Apart from limiting your exposure to UV radiation, it is also a good habit to check your skin regularly for any changes or new growths; especially in existing moles, bumps or birthmarks. Some of the commonly affected areas like your face, neck, scalp and eyes are worth checking from time to time. Uncommon areas such as the legs, feet and genital areas should also be checked every once in a while.

 

Early detection of skin cancer gives you the greatest chance for successful skin cancer treatment. If you suspect any abnormal growth, lumps or changes in your skin; do not hesitate to consult a dermatologist.

Treatment options for skin cancer and pre-cancerous skin lesions will vary depending on the type of lesion. Small skin cancers may simply require a skin biopsy to remove the entire growth, while other types of skin cancer may require other options such as:

 

Freezing (cryosurgery) — Early skin cancers and small lesions can be frozen using liquid nitrogen in a process known as cryosurgery.

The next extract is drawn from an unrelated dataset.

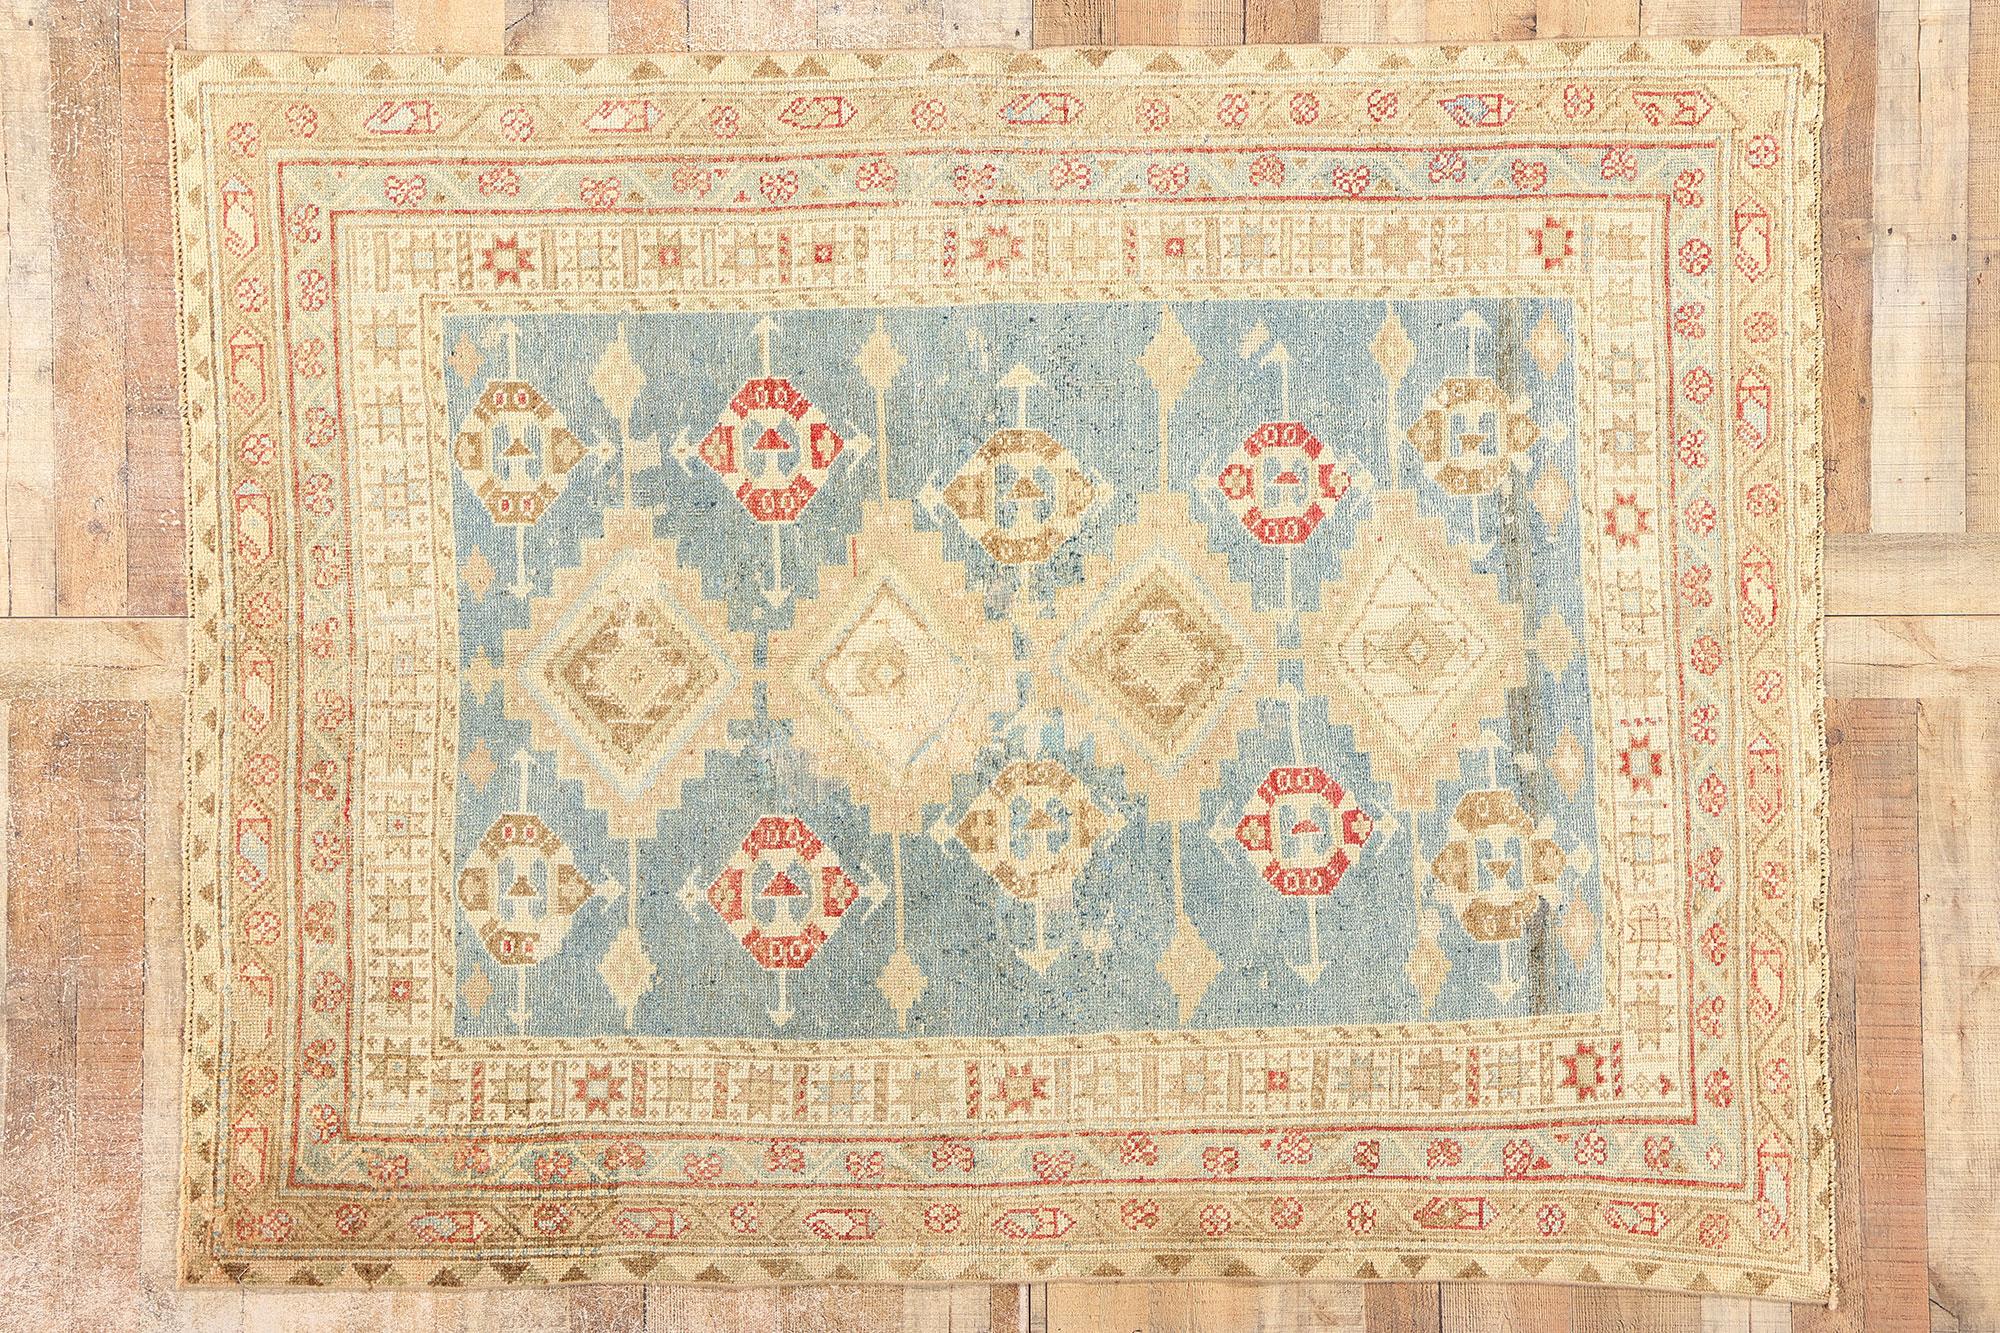 1920's Antique Blue Persian Shiraz Rug, 05'02 x 06'09 For Sale 2
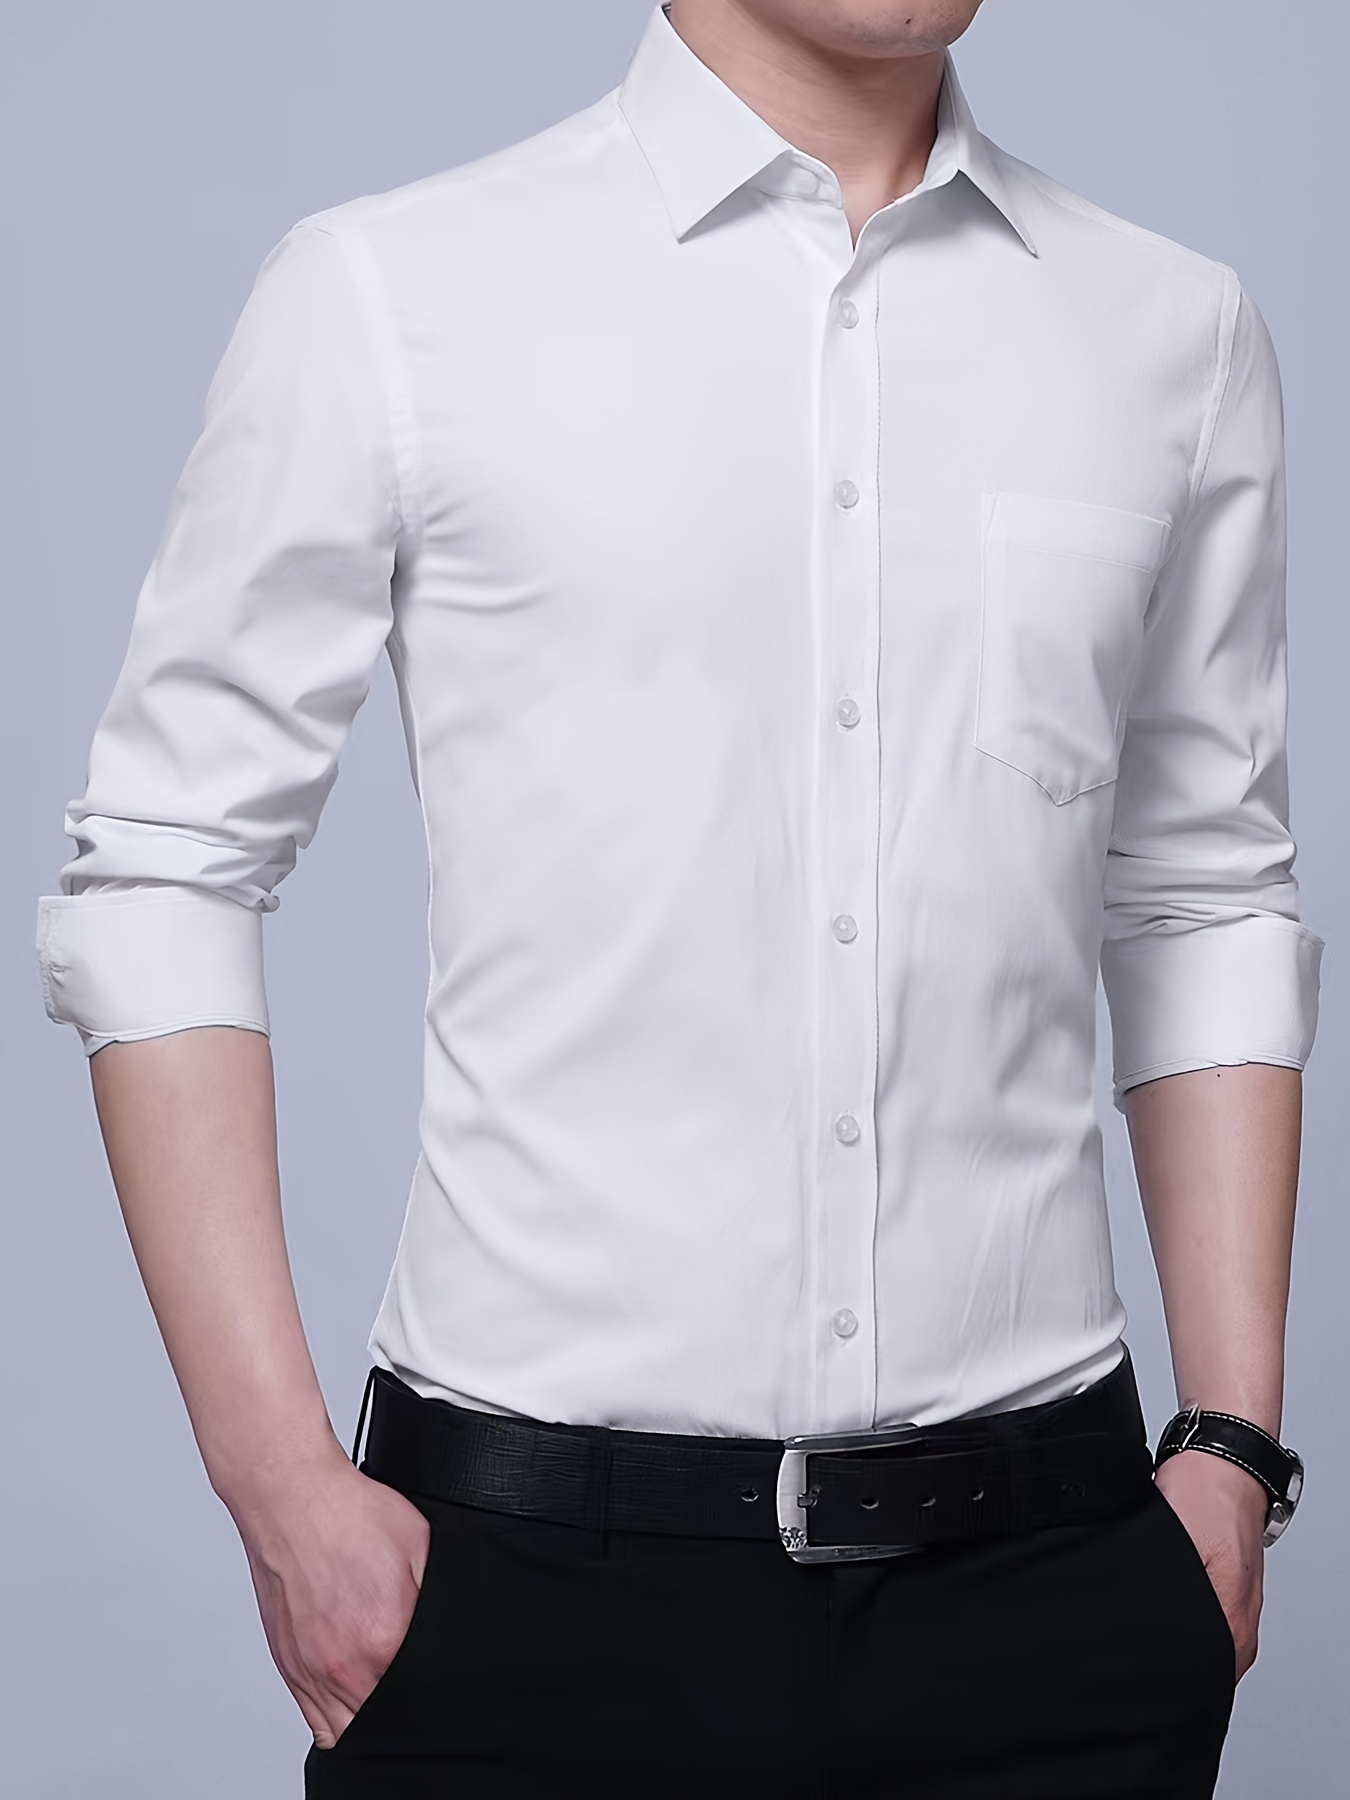 Cotton Twist Men's Regular Fit Formal Shirts, Full Sleeve

This kills the tissue and the body will discard the dead cells when it thaws.

 

Excision– Your doctor will cut out the cancerous skin tissue along with some of the healthy skin that surrounds it. This method is done to not only remove the harmful cancer cells, but also to reduce the likelihood of cancer recurrence by removing a margin of the cells around the cancer cells.

 

Mohs surgery – This procedure is used to treat larger or difficult skin cancer cases, and may also be used to treat recurring skin cancer cases. Mohs surgery is also used to treat skin cancer on parts where skin needs to be conserved, such as a person’s nose or lips.

 

For this procedure, the doctor will remove the skin affected by cancer in layers with the use of a microscope. Each layer of skin is removed one by one until all the abnormal / cancerous cells are removed.

 

Curettage with electrosurgery or cryotherapy – A combination of two procedures, the first is curettage; where the doctor will use a spoon-shaped blade to remove the skin cells affected by cancer.

 

Afterwards, the remaining cells will be:

 

  • Burned using an electric needle (electrosurgery)

 

  • Frozen with liquid nitrogen and then removed (cryotherapy)

 

Apart from the aforementioned procedures, other treatment methods may also be employed to treat skin cancer depending on the stage and severity.

 

Radiation therapy / radiotherapy – High-powered energy beams such as X-rays are used to kill the cancer cells. If the cancer cannot be completely removed by surgery, radiotherapy might be used.

 

Chemotherapy – In some cases, chemotherapy drugs are used to kill cancer cells in the person’s body. For skin cancers that are confined to the top layer of the skin, some anti-cancer agents or creams may be used instead of drugs. Chemotherapy is often used to treat cancers that have spread to other parts of the body.

 

Photodynamic therapy – By using drugs that makes cancer cells more sensitive to light, skin cancer is treated using laser light to destroy the cancer cells.